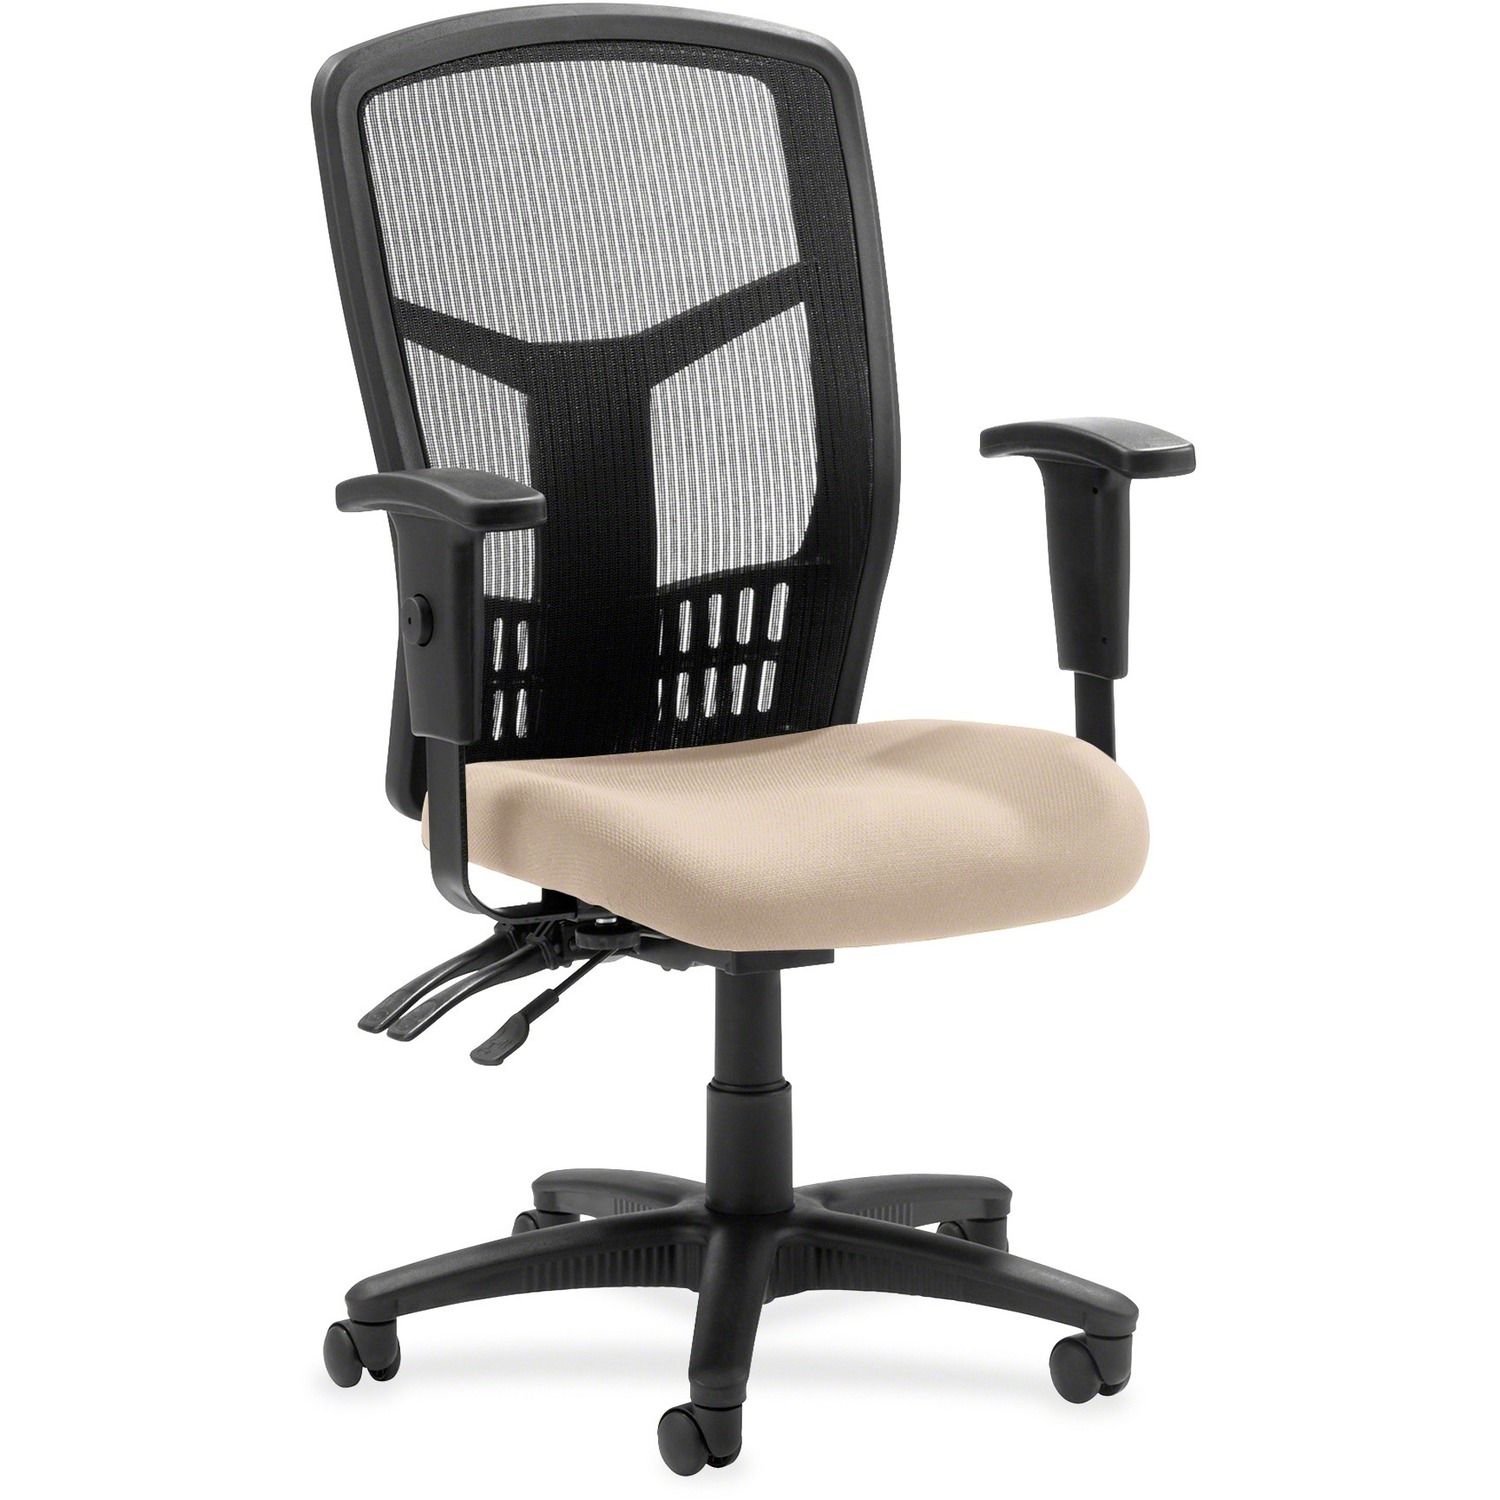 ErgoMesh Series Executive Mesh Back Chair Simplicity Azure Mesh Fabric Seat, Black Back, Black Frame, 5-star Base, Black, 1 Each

※

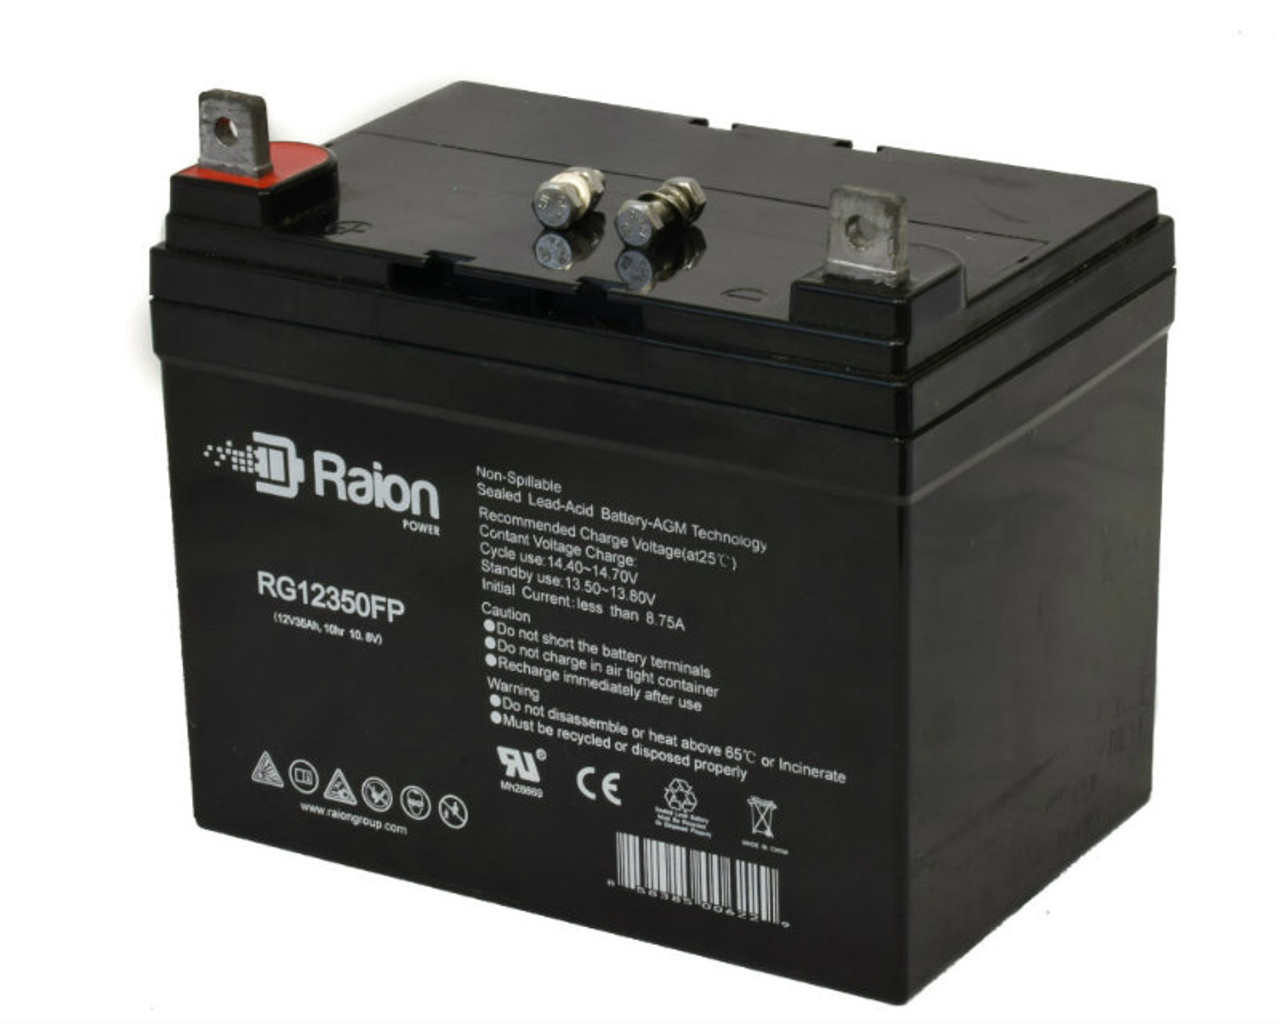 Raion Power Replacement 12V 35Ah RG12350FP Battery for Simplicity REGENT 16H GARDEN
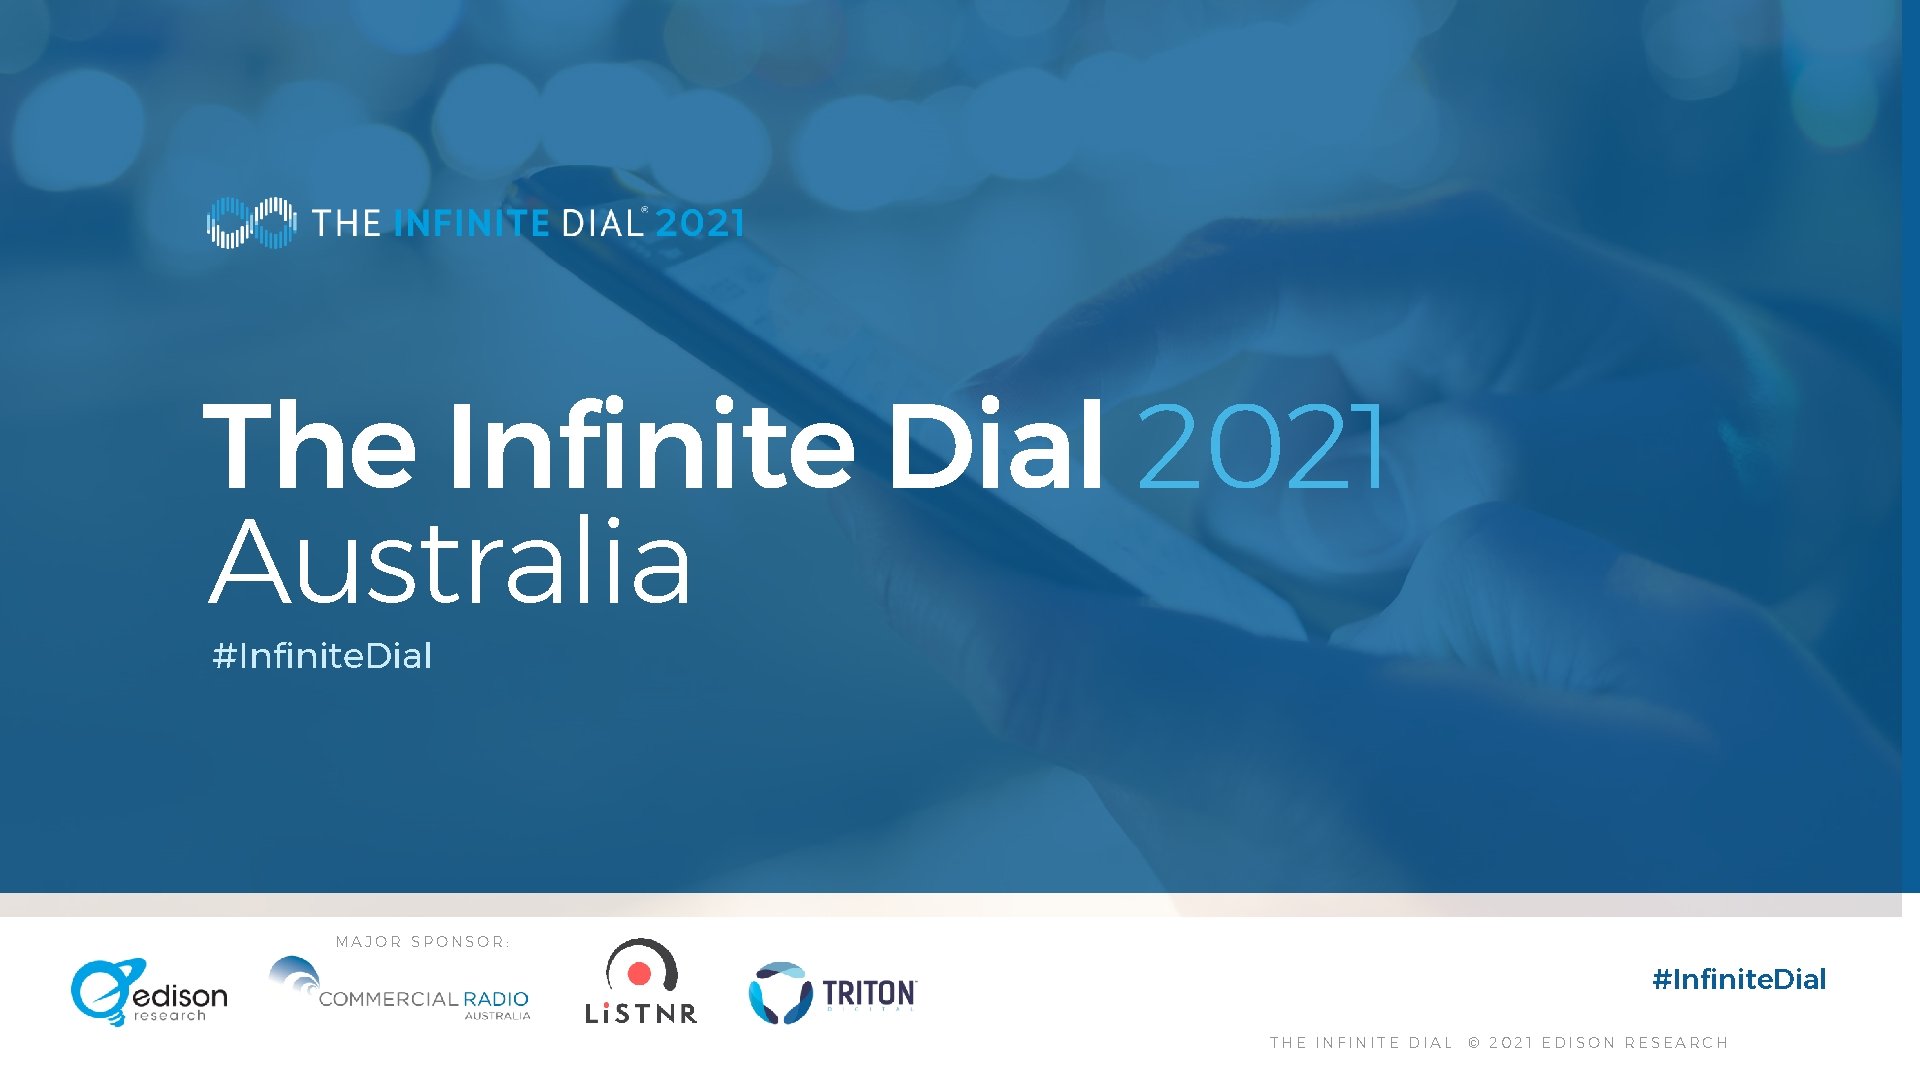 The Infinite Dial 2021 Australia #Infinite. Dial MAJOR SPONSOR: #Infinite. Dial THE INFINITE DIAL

※

What needs to be done> Since the pictures are not part of the copy, please transcribe only the lines above from the one with "Raion Power Replacement" through the one with "The Infinite Dial 2021", exactly and with both ends.

Worked solution>
 Raion Power Replacement 12V 35Ah RG12350FP Battery for Simplicity REGENT 16H GARDEN
 The Infinite Dial 2021 Australia #Infinite. Dial MAJOR SPONSOR: #Infinite. Dial THE INFINITE DIAL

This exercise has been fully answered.